DATA SEGMENT:
▶
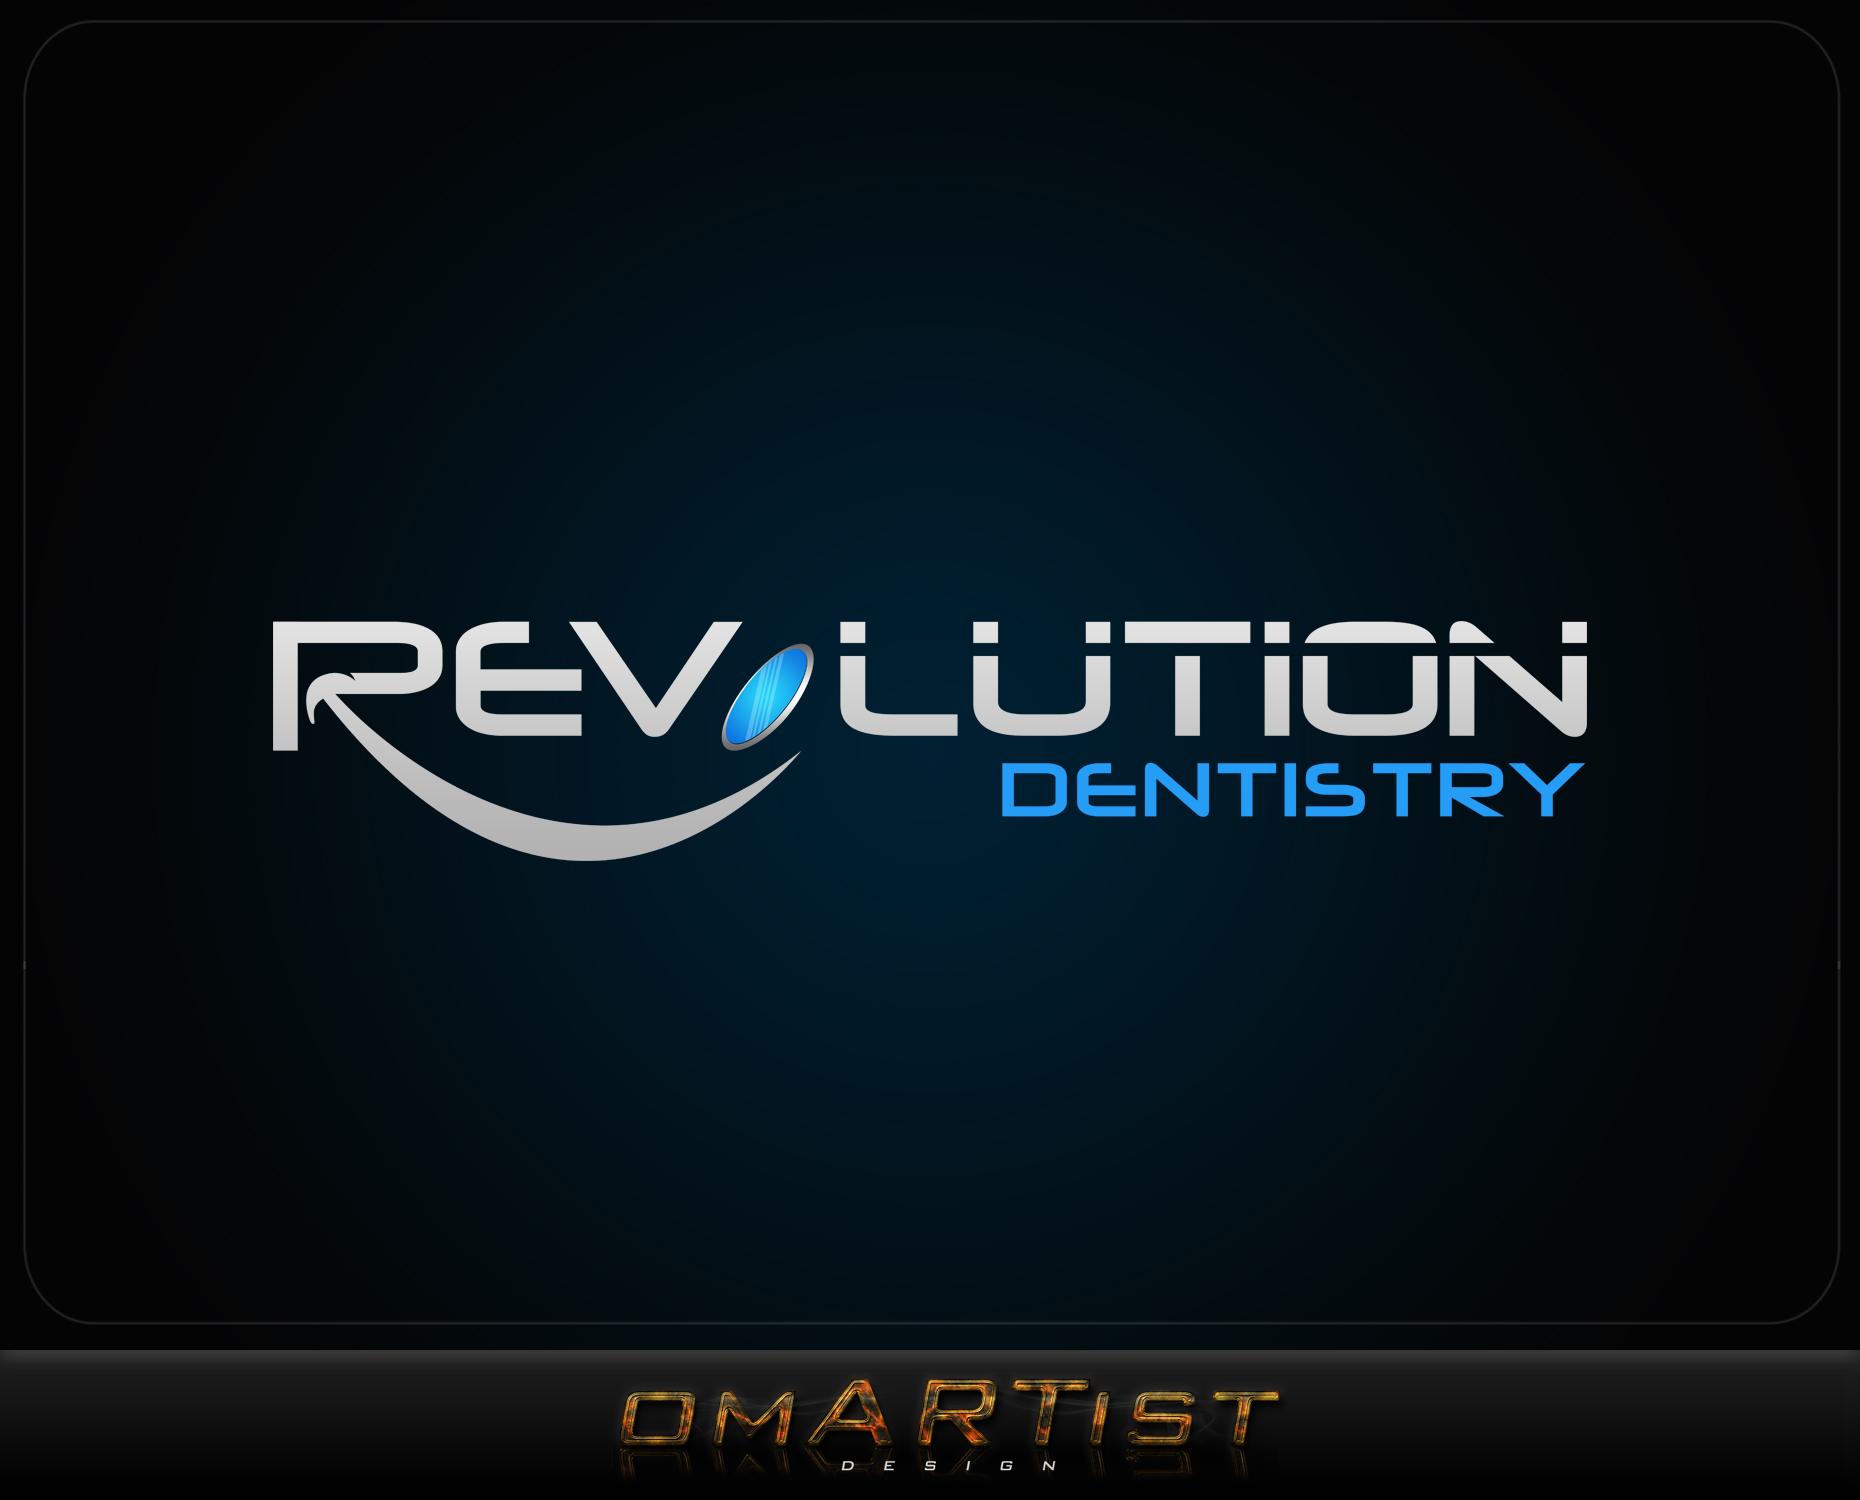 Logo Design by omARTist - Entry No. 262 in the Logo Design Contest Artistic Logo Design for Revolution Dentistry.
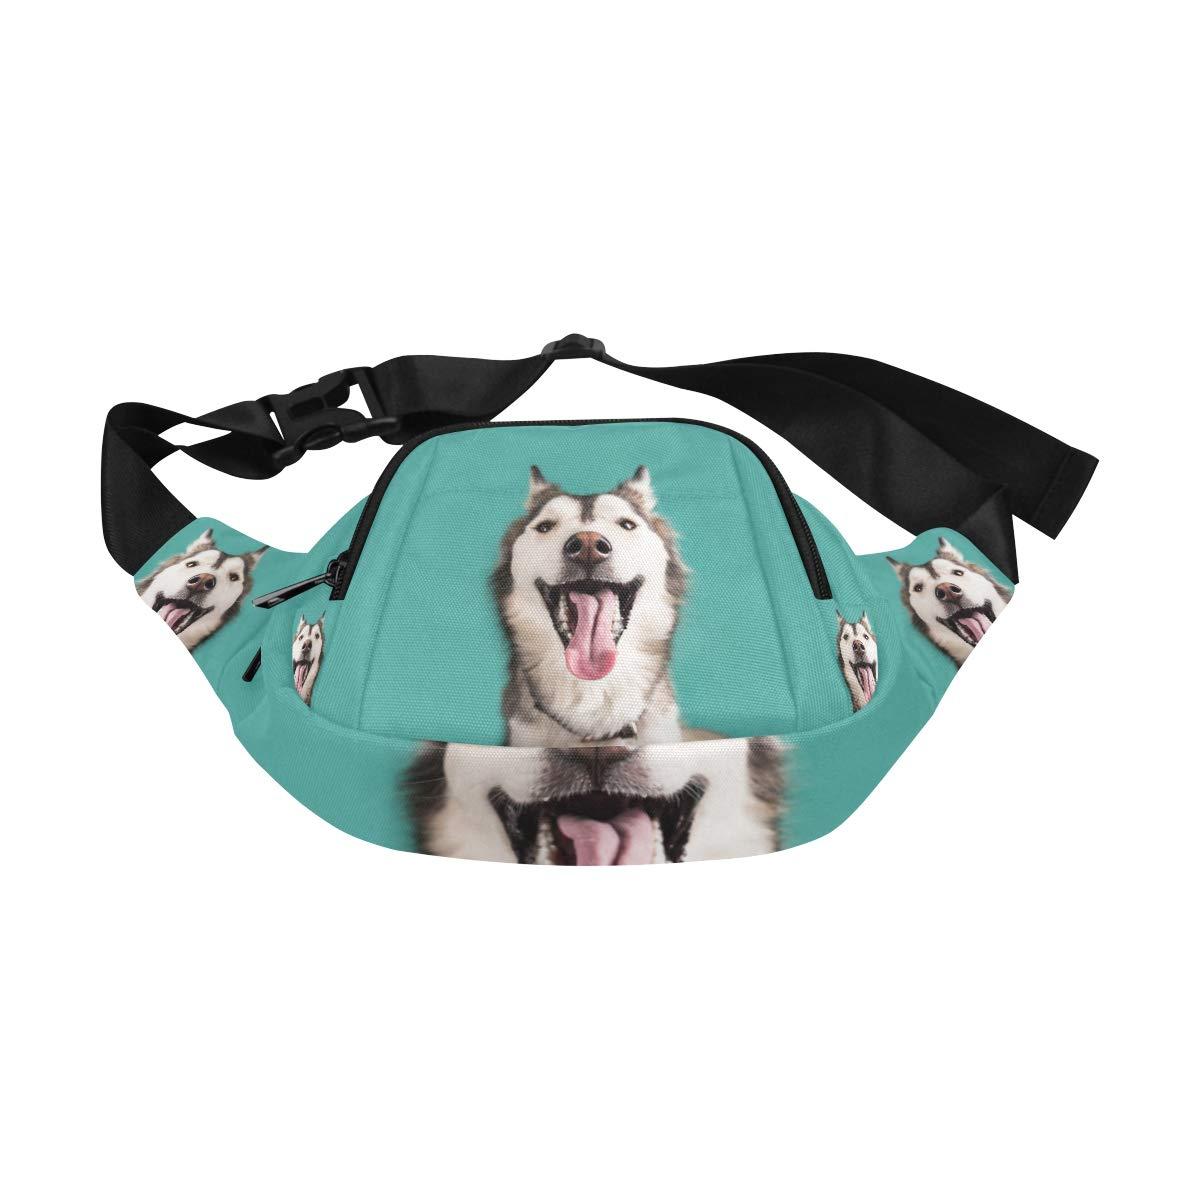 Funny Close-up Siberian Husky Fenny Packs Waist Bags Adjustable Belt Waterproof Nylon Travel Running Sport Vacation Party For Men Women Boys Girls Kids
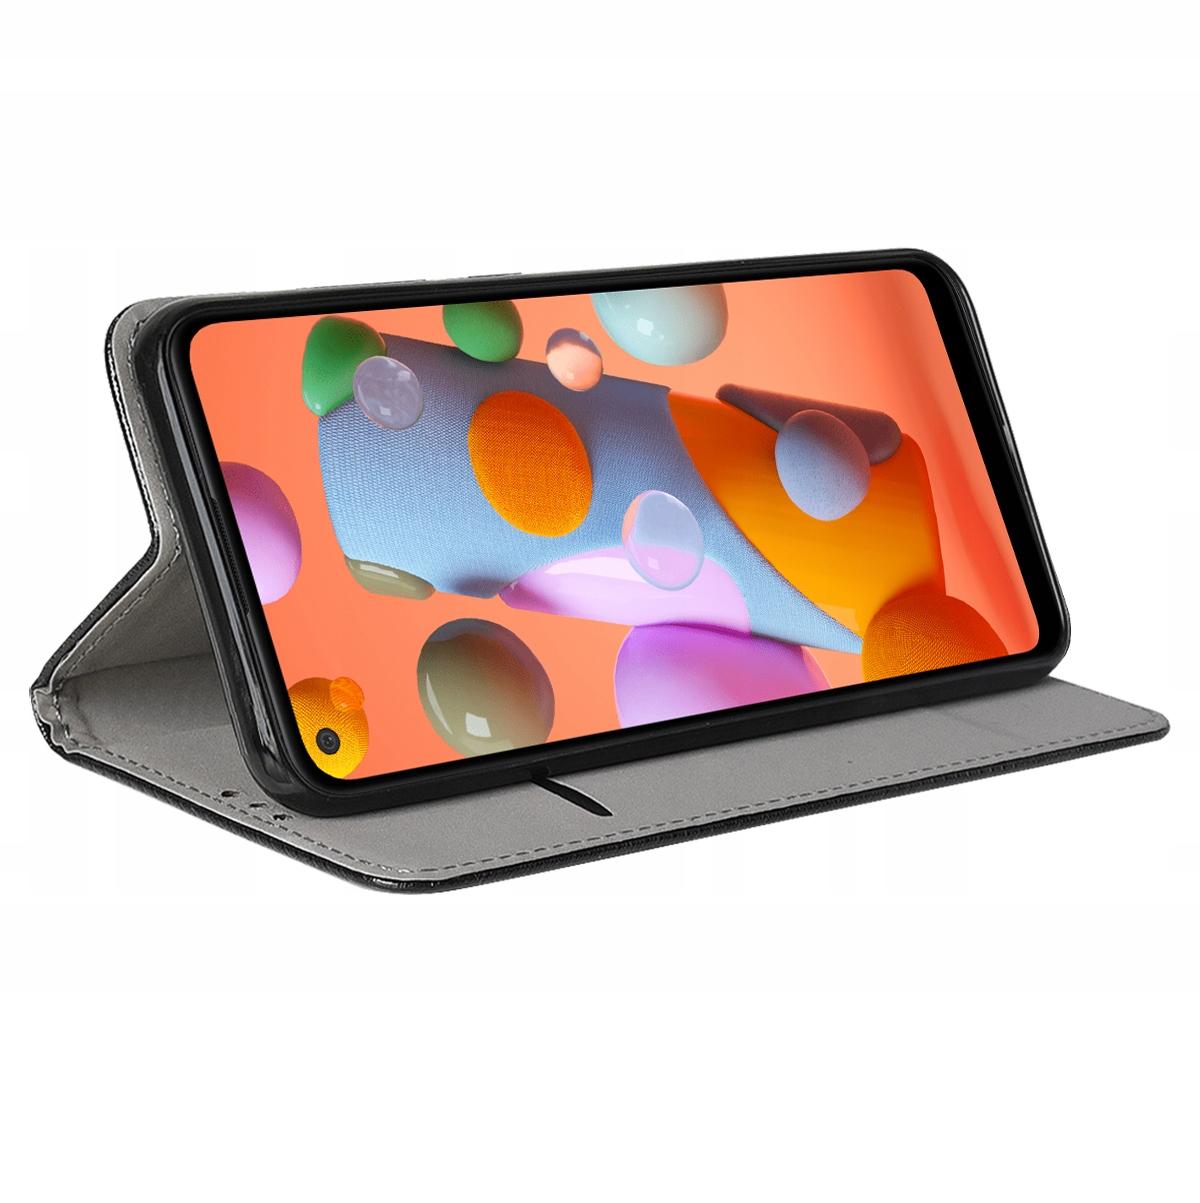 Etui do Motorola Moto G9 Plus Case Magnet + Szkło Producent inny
◀
Copy out the whole listing word for word, except for any picture it includes.

RESPONSE BELOW:
 Logo Design by omARTist - Entry No. 262 in the Logo Design Contest Artistic Logo Design for Revolution Dentistry.
 Funny Close-up Siberian Husky Fenny Packs Waist Bags Adjustable Belt Waterproof Nylon Travel Running Sport Vacation Party For Men Women Boys Girls Kids
 Etui do Motorola Moto G9 Plus Case Magnet + Szkło Producent inny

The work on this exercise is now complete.